← Head back to all of our AI Engineer World's Fair recaps
Tanmai Gopal @tanmaigo / Hasura
Watch it on YouTube | AI.Engineer Talk Details
Tanmai from Hasura gave a talk about connecting real-time data to AI systems.
He focused on the challenges of making AI models work effectively with live data sources and introduced Hasura's solution for this problem.
Key Points
- Problem: Current AI models struggle to interact intelligently with real-world data sources like calendars, CRM systems, and product databases.
- Solution: Make live data and business logic available as a tool for language models (LLMs).
- Core Ideas:
- Unified Query Language
- Object Model for Authorization
- LLM-driven Data Access Planning
Demo
Tanmai demonstrated a system where an AI could interact with a fictional Blockbuster movie rental database.
The AI was able to write a personalized email to a top customer, mentioning their recent movie rentals, by accessing multiple data sources.
Check out the Hasura Pacha repo over on GitHub
Technical Insights
- Unified Query Language:
- Use SQL-like syntax for all data interactions (structured, unstructured, APIs)

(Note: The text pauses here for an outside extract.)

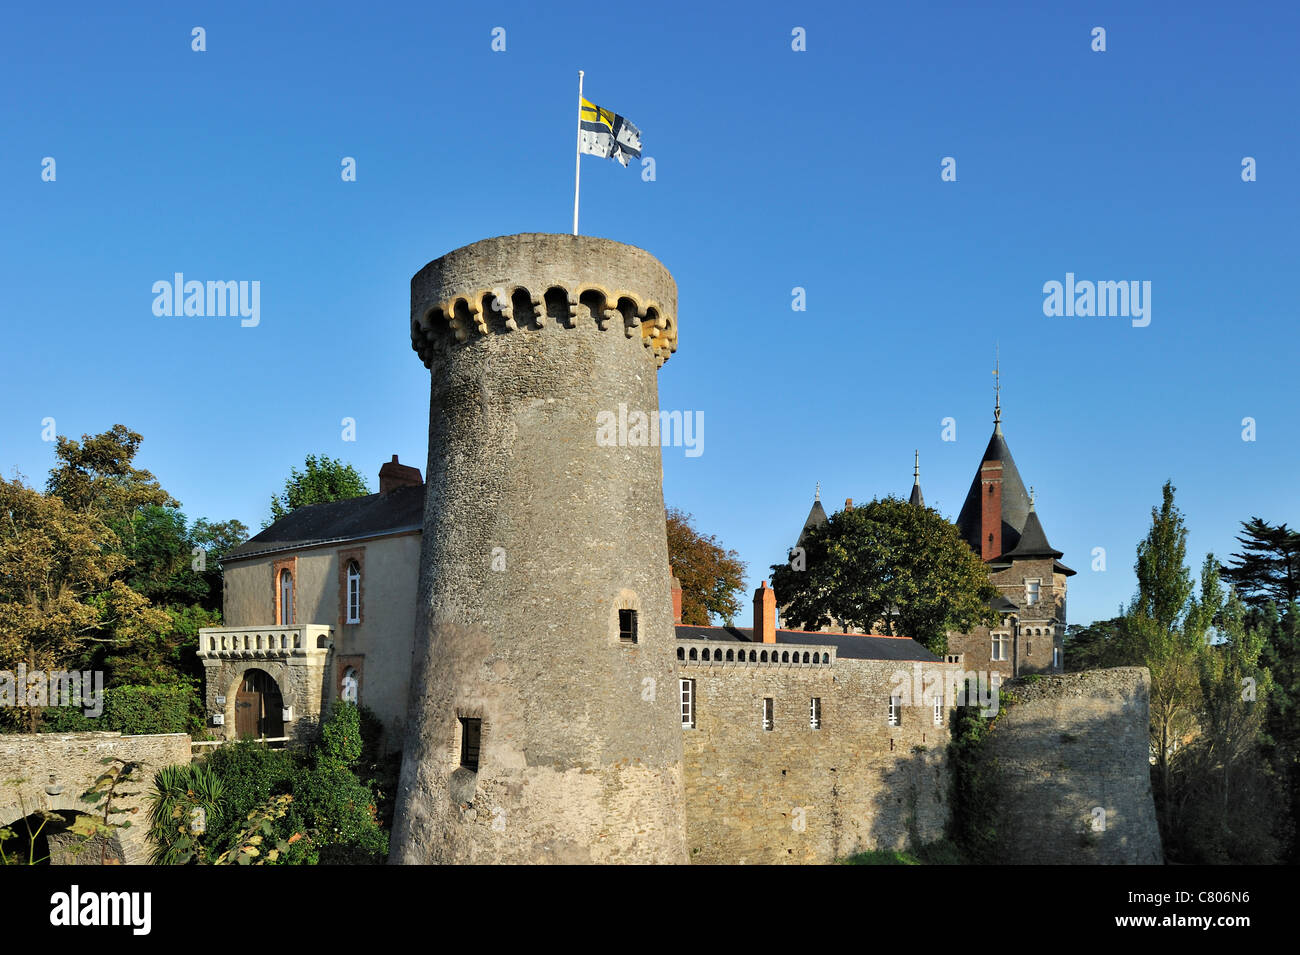 The castle Château de Pornic, Loire-Atlantique, France Stock Photo
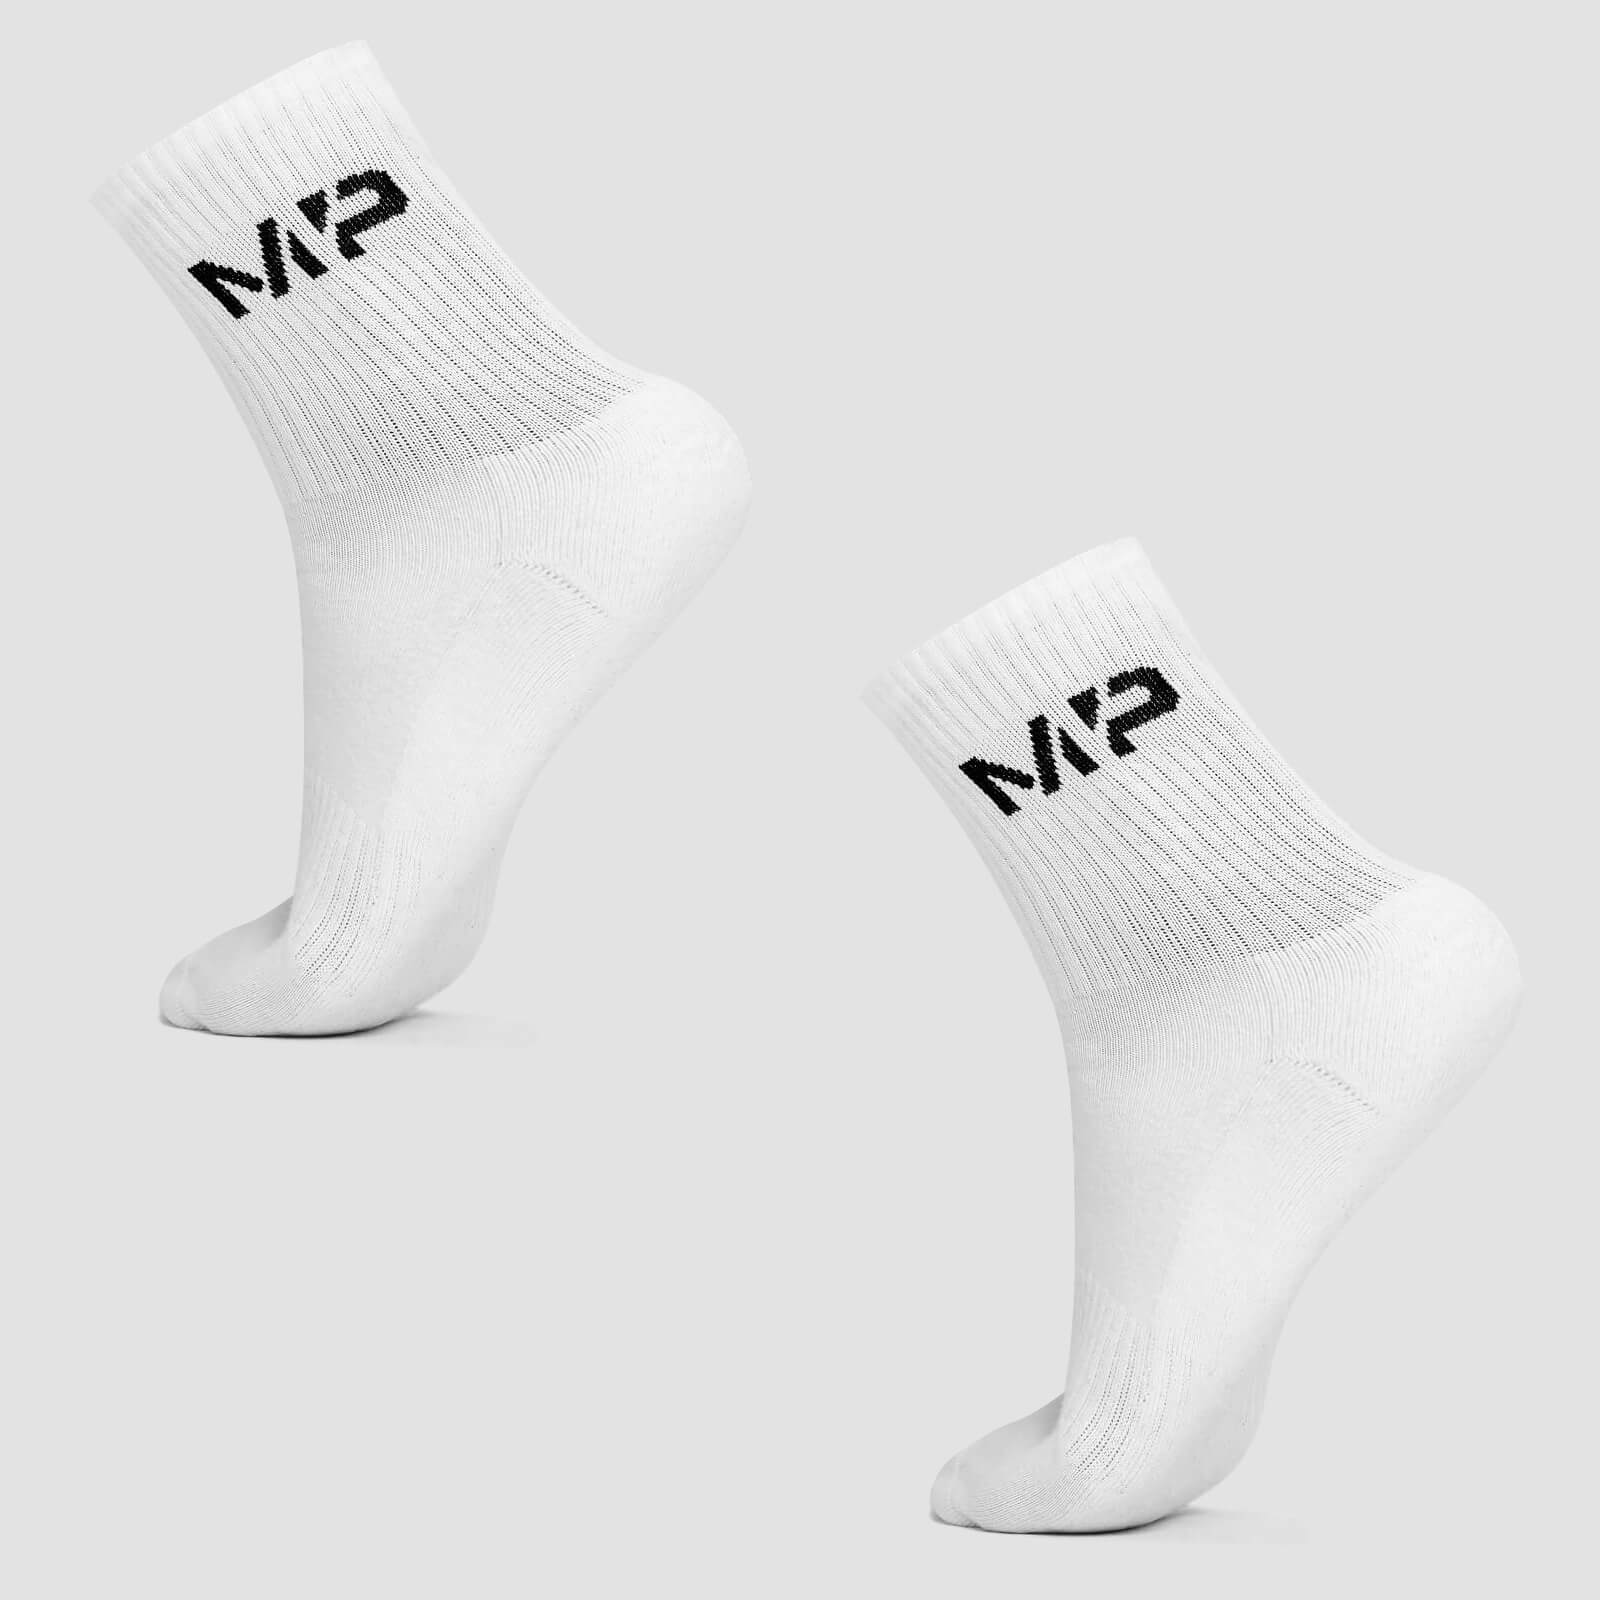 MP Men's Crew Socks - White (2 Pack) - UK 6-8

- LLMs understand SQL semantics better than custom API parameters
- Authorization Model:
- Data schema and session properties determine access rules
- Consistent authorization across all access methods
- LLM-driven Data Access:
- Instead of hard-coding data retrieval, ask the LLM to write Python code to fetch required data
- This approach leverages the LLM's code generation abilities more effectively than direct reasoning
This talk offered an interesting perspective on bridging the gap between AI models and live data sources. The approach of using a unified query language and letting AI generate data access code could be a game-changer for many applications.
It's definitely an area to watch as AI systems become more integrated with real-world data and business processes.